→ **What you will do**
Those lines of the data that hold the word "Earrings" are to be copied out.

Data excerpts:
· · · · · · ·
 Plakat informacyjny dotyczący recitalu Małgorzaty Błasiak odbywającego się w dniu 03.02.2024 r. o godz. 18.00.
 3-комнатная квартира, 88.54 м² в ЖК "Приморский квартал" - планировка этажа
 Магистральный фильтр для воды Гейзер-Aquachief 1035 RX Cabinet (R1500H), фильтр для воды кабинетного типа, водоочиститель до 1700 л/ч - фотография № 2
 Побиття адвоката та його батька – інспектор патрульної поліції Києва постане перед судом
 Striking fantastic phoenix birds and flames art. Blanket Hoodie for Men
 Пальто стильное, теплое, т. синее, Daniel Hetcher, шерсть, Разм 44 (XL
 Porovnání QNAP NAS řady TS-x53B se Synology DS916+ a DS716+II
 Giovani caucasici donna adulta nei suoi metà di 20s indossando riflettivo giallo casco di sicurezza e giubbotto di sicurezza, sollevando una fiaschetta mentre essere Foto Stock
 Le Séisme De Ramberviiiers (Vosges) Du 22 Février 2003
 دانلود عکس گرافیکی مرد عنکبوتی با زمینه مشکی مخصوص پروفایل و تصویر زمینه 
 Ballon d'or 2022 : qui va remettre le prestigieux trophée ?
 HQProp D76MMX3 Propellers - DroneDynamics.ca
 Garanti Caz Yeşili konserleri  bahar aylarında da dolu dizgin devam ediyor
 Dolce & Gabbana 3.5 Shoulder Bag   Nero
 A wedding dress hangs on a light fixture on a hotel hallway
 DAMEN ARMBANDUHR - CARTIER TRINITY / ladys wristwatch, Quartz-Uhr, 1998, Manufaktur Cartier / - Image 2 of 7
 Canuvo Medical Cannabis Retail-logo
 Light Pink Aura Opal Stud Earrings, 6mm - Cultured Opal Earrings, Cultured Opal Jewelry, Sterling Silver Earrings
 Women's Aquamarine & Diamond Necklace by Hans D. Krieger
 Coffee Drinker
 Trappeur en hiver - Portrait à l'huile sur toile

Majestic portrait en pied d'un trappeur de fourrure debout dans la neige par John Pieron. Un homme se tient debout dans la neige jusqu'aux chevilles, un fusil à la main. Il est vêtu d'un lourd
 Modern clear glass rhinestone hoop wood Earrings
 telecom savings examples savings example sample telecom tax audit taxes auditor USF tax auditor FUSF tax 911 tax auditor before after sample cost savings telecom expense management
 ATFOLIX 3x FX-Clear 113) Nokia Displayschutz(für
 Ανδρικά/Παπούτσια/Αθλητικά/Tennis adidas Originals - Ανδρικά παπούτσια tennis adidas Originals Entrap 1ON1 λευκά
· · · · · · ·
→ **Solution for this task**
 Light Pink Aura Opal Stud Earrings, 6mm - Cultured Opal Earrings, Cultured Opal Jewelry, Sterling Silver Earrings
 Modern clear glass rhinestone hoop wood Earrings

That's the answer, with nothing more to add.